Electrochemical characterization of oxide formed on chromium containing mild steel alloys in LiOH medium

• Published in: Materials chemistry and physics Vol. 145; no. 3; pp. 499 - 509
• Main Authors: Subramanian, Veena, Chandran, Sinu, Subramanian, H., Chandramohan, P., Bera, S., Rangarajan, S., Narasimhan, S.V.
• Format: Journal Article
• Language: English
• Published: Elsevier B.V 16.06.2014
• Subjects: A. Alloys; C. Electrochemical techniques; C. X-ray photo-emission spectroscopy (XPS); D. Corrosion; D. Corrosion; C. Electrochemical techniques; A. Alloys; C. X-ray photo-emission spectroscopy (XPS)
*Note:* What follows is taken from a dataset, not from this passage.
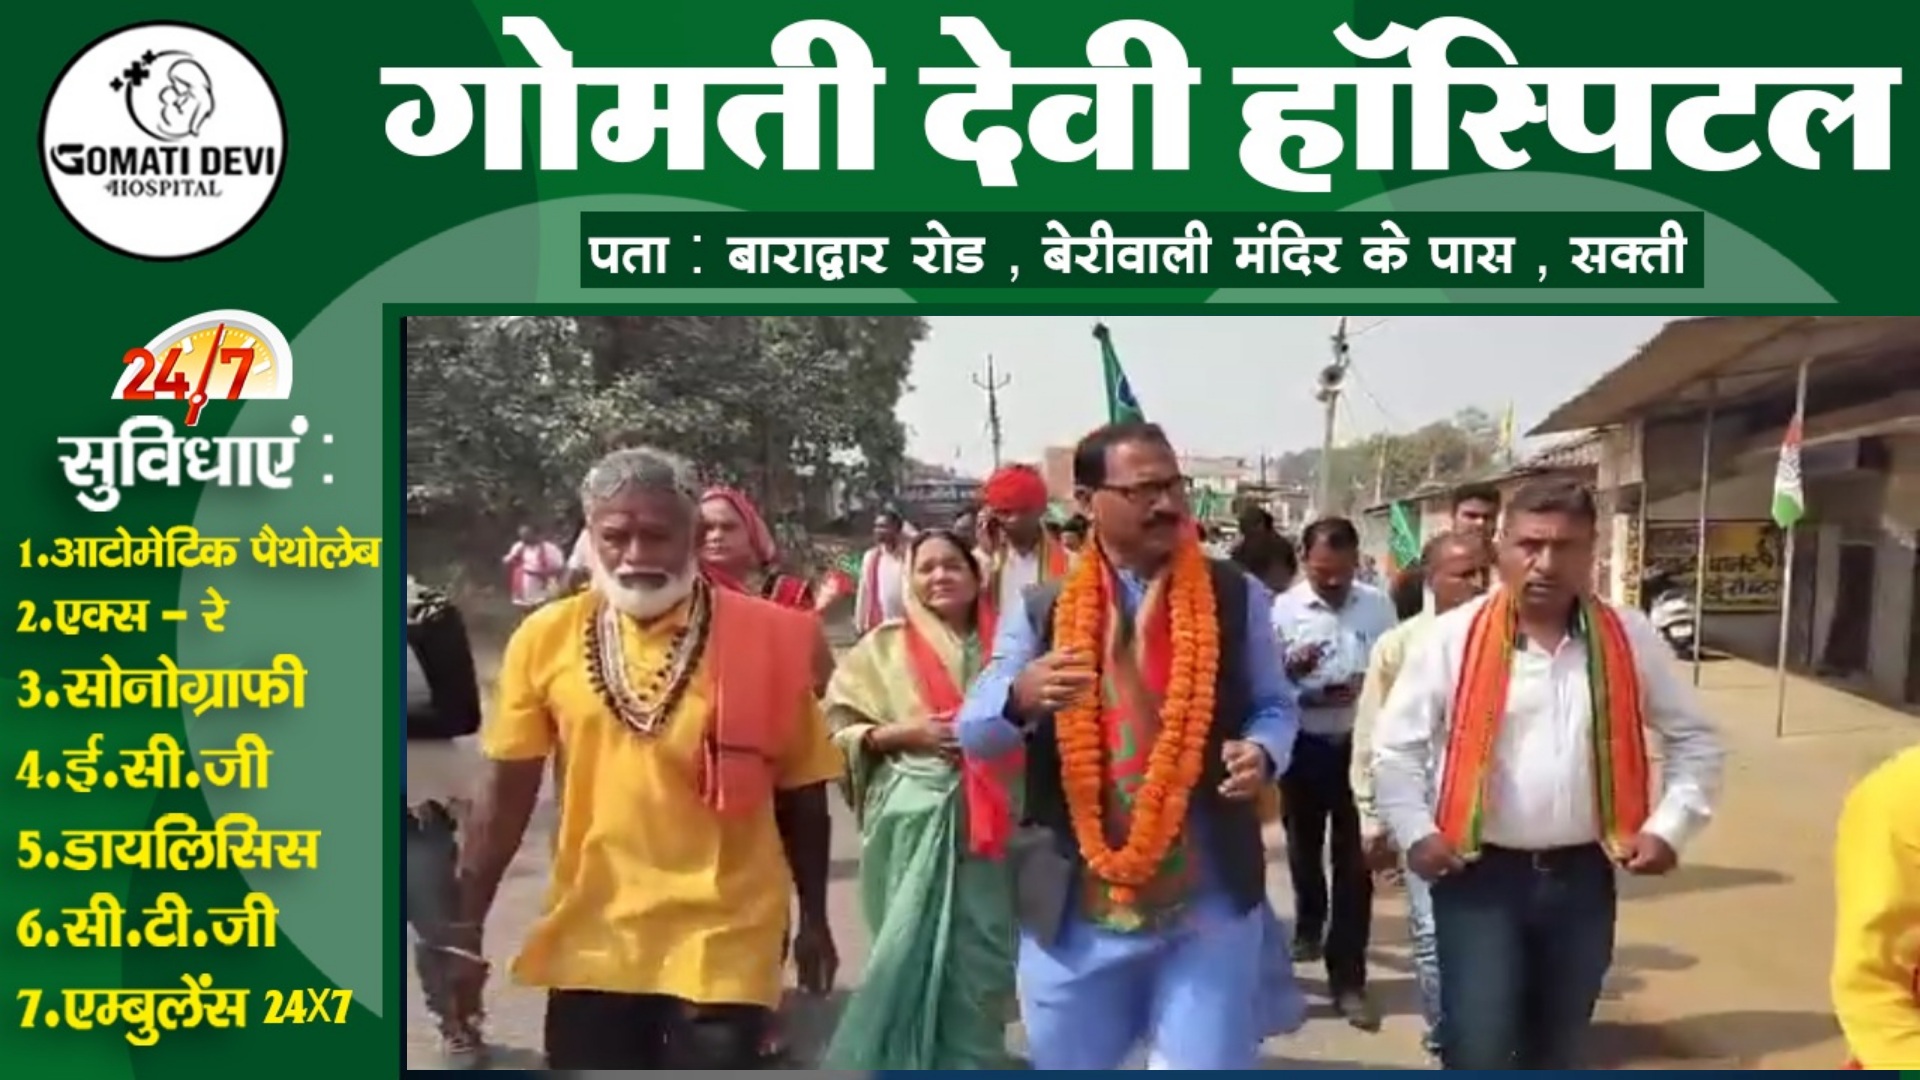 आखिर भाजपा प्रत्याशी कृष्णकांत चंद्रा क्यों बने है जैजैपुर के मतदाताओं की पहली पसंद , पढ़े पूरी खबर

• ISSN: 0254-0584; 1879-3312
• DOI: 10.1016/j.matchemphys.2014.03.003

Flow accelerated corrosion leads to wall thinning of outlet-feeder pipes in the primary heat transport system of pressurized heavy water reactors and can even necessitate enmasse feeder replacement. Replacement of carbon steel 106-grade-B (CS) with chromium containing carbon steel reduces the risk of this failure. This paper discusses the role of small additions of chromium in modifying the properties of the oxide film. CS and chromium containing mild steels viz., A333, 2.25Cr–1Mo and modified 9Cr–1Mo alloy were exposed to primary heat transport (PHT) system chemistry conditions. The oxide films formed were characterized by electrochemical and surface characterization techniques. Mott–Schottky analysis showed donor type of defects. The densities of defects in the oxides of chromium containing alloys were 3–15 times less than that in CS. In presence of ∼200 ppb of dissolved oxygen, the oxides formed were hematite with two orders of magnitude smaller concentration of defects as compared to that formed under reducing conditions. These results suggest that the presence of chromium lowers the defect density of the oxide film and thus ensures a reduced corrosion rate. [Display omitted] •High temperature oxides formed on Cr containing mild steels are less defective.•Defect densities of oxides decrease with increase in Cr content in the alloy.•O2 in solution greatly influences the nature and defect chemistry of oxides.